- _Material provided_
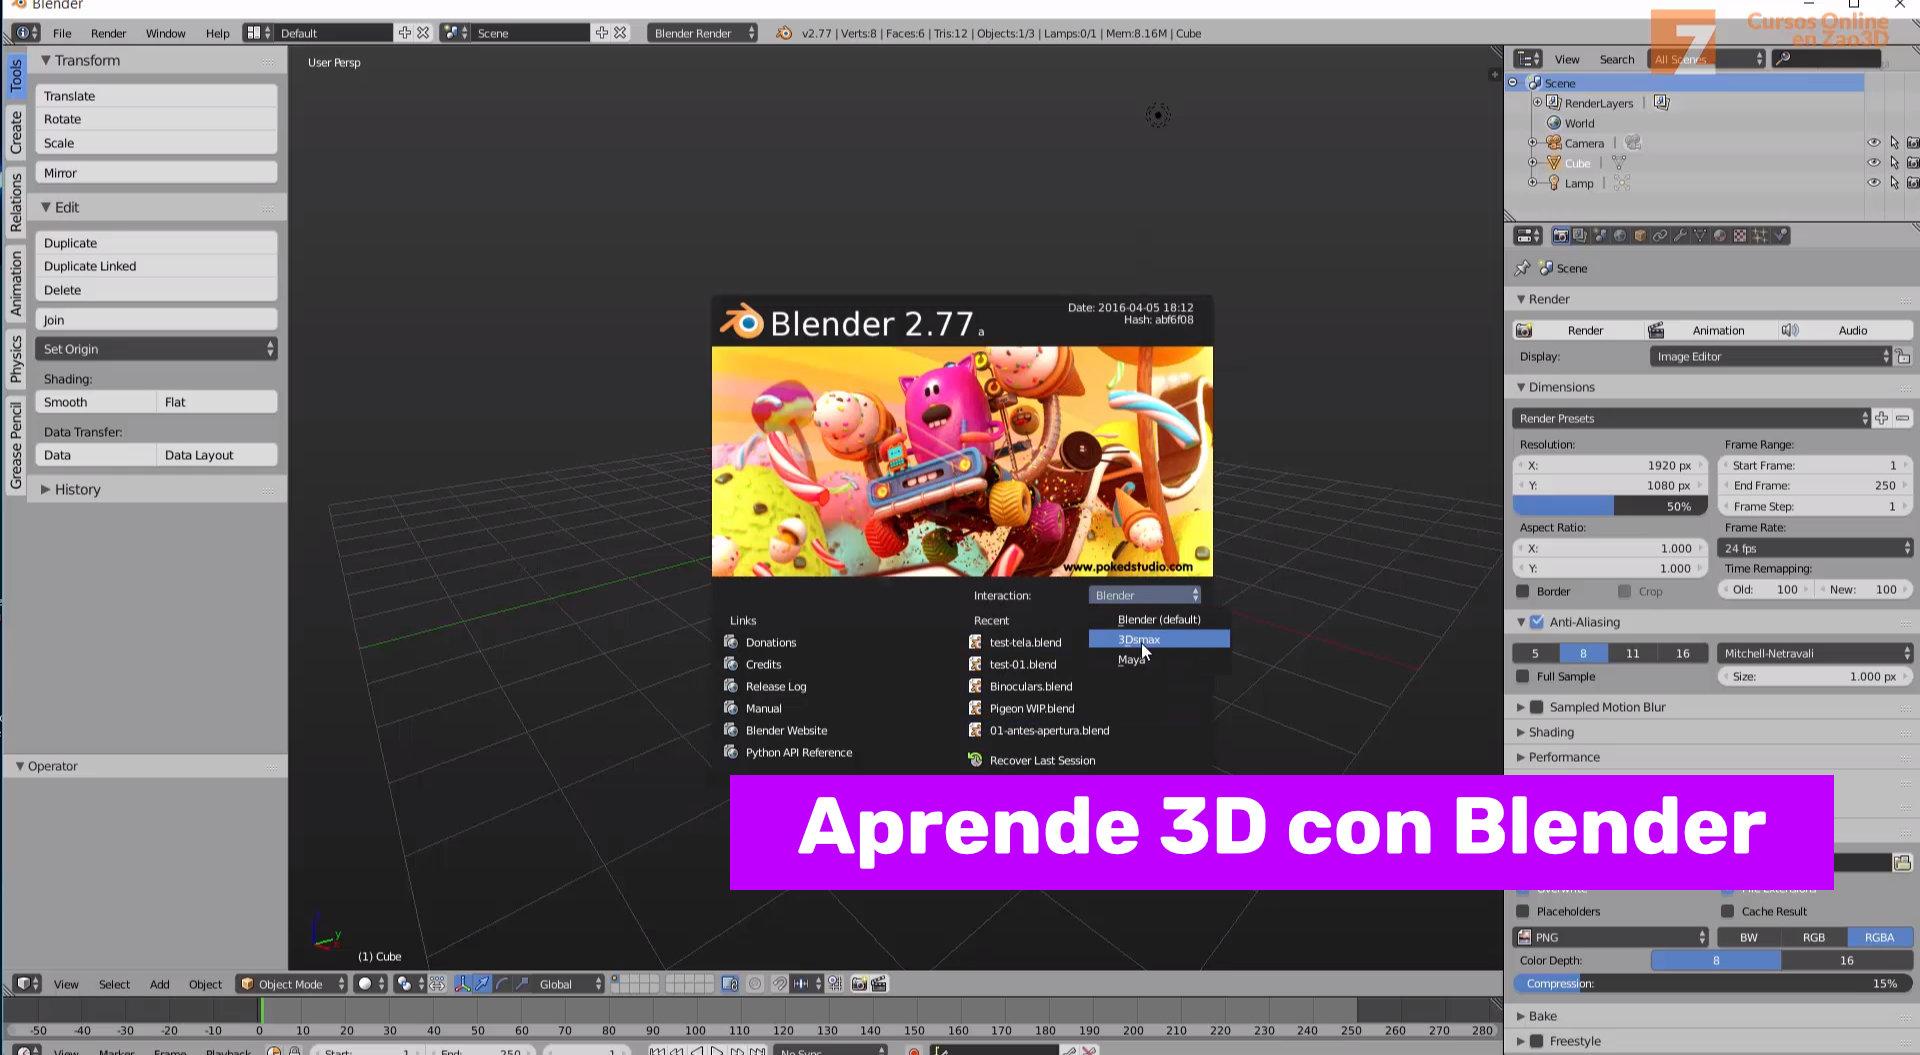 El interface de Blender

--

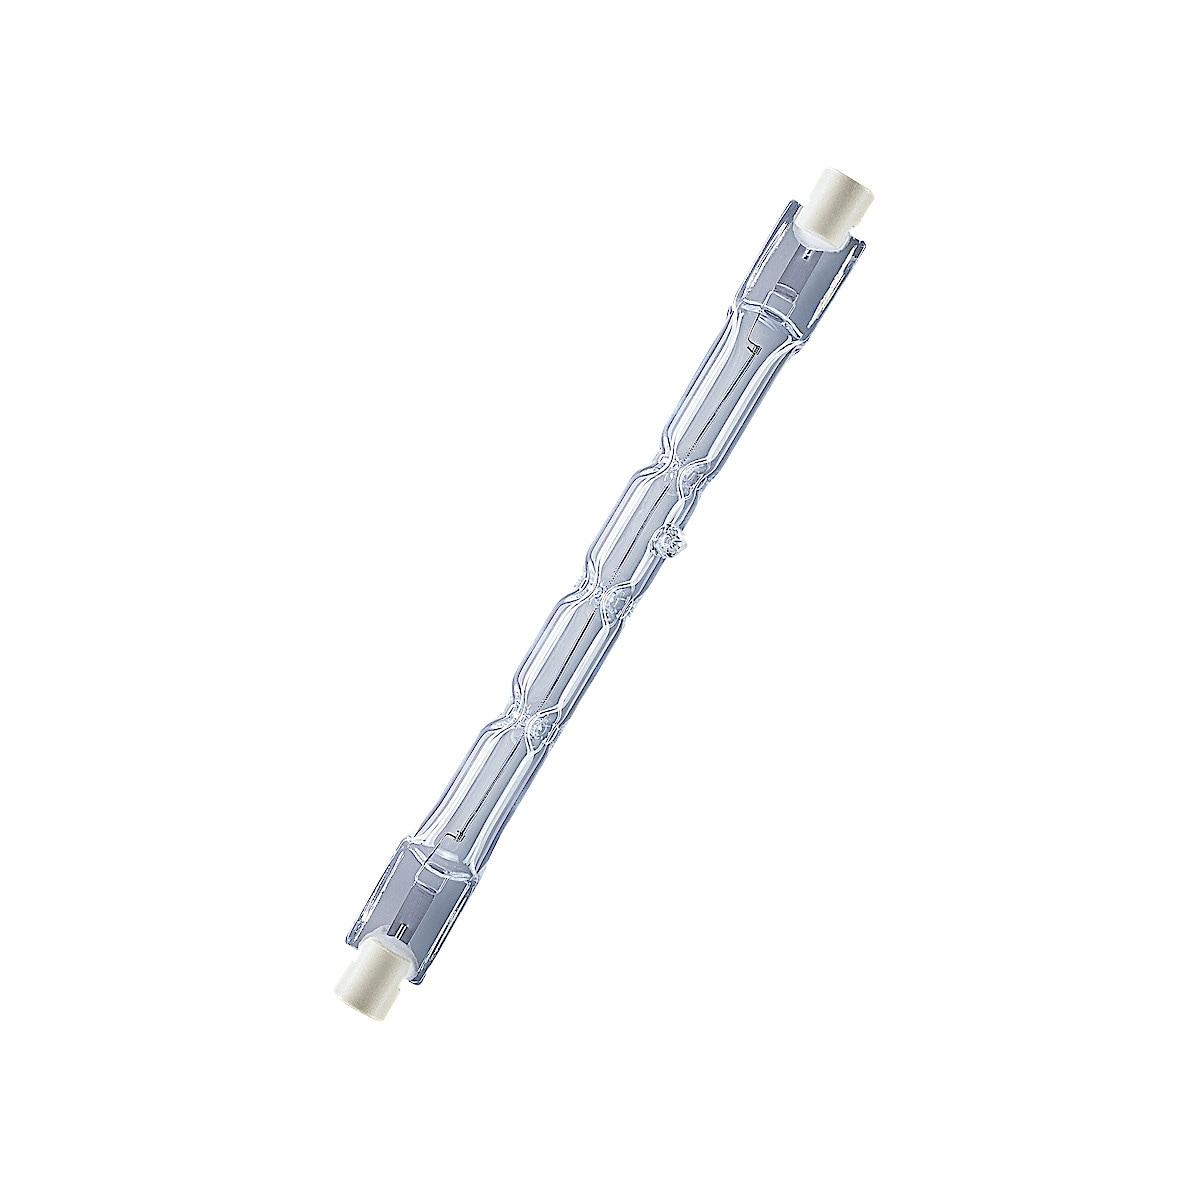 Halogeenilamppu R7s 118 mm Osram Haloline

--

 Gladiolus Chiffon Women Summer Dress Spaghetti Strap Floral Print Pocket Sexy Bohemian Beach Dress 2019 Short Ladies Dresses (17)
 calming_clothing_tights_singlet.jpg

- _Exercise aim_
Retype exactly the lines above, from the one with "Gladiolus Chiffon Women" through the one with "calming_clothing_tights_singlet.jpg", inclusive.

- _Output of the exercise_
 Gladiolus Chiffon Women Summer Dress Spaghetti Strap Floral Print Pocket Sexy Bohemian Beach Dress 2019 Short Ladies Dresses (17)
 calming_clothing_tights_singlet.jpg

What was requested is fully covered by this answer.